Re: Gould, Science, Mistakes and .... {

Bryant (mycol1@unm.edu)
18 Aug 1996 10:42:44 -0600

In article <321528DE.477F@best.com>,
Joel and Lynn Gazis-Sax <gazissax@best.com> wrote:
>
>As for whether this is sin or bad form, I don't think it is either. As
>I said, Gould merely asked some interesting questions about what the data
>really means.

If that's all he had done, he wouldn't have so annoyed his peers with
that essay. Actually, he dismissed adaptationist hypotheses (complete
with testable --and now tested and supported-- predictions) as
"speculative" and sexist, and then presented "the real answer" without
any testable predictions. At the least, hypocritical.

>The fact that we experience pleasure through orgasm is
>certainly documentable -- at very least for ourselves. But whether this
>connotes /function/ because people are more willing to do sex because
>it is fun, that question can be opened to challenge. I won't deny that
>great sex makes reproduction a lot more fun, but you can also have orgasm
>without reproduction.

Evolutionarily, I think it's doubtful you could reproduce without a male
orgasm occuring. But the fact that female orgasm is patterned in such a
way as to retain sperm from healthier males, rendering it a fitness
enhancer.

>If great-feeling sex yields more children, then I will concede to you
>that there are going to be evolutionary and population repercussions.

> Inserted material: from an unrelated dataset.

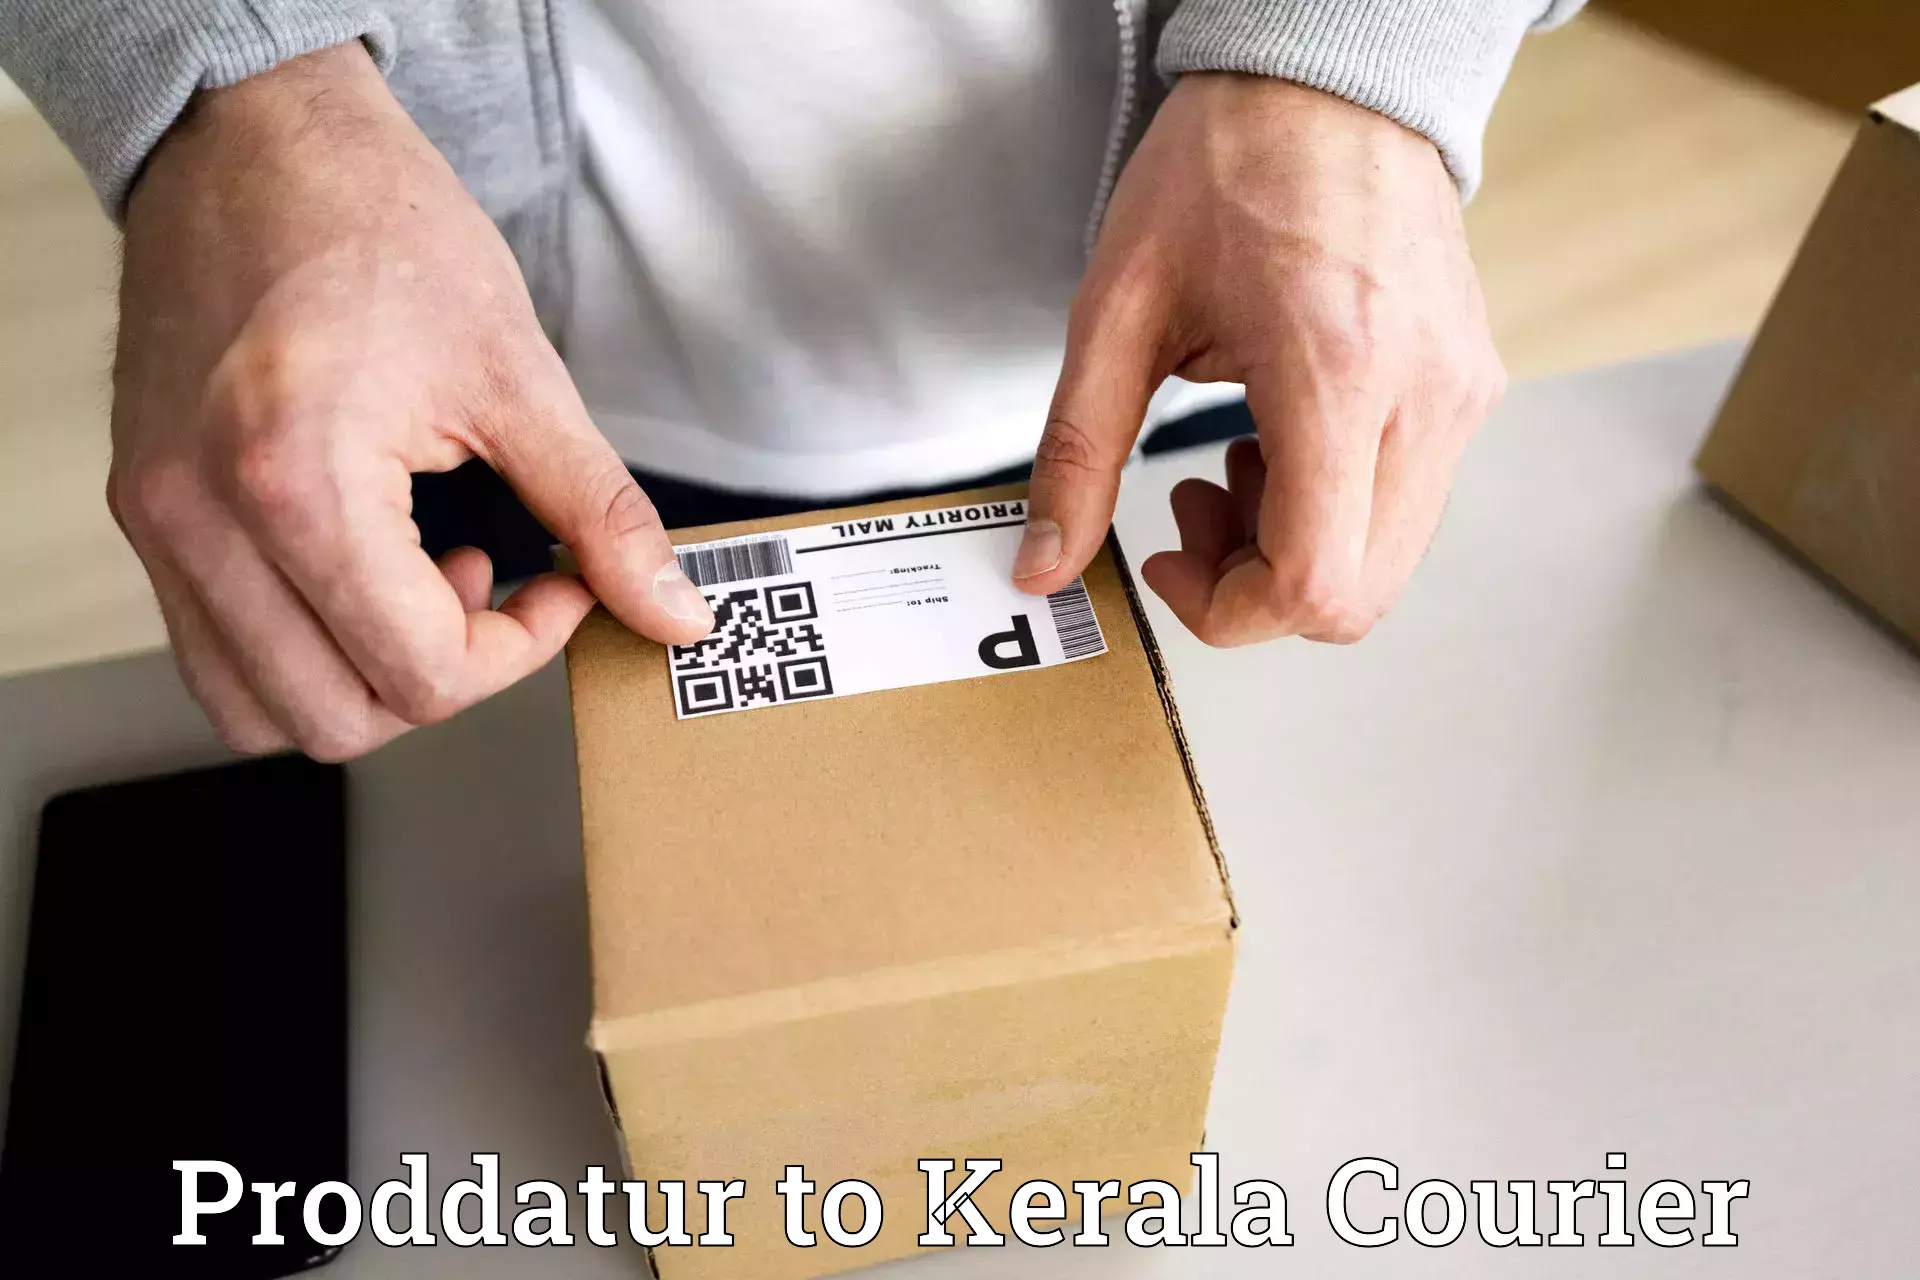 Optimized delivery routes Proddatur to Kerala

Quality is as important as quantity. Producing healthy children that are
likely to survive is as (or more) vital as maximizing the number of
embryos produced.

>But to say that it developed so that humans would have a better
>evolutionary advantage, that sounds to me like you are giving the gene
>a consciousness that I can't buy it has.

There's no such implication. I fail to see how the selective retention
of genes in a population which favor reproductive success of individuals
through evolutionary time indicates genetic "consciousness."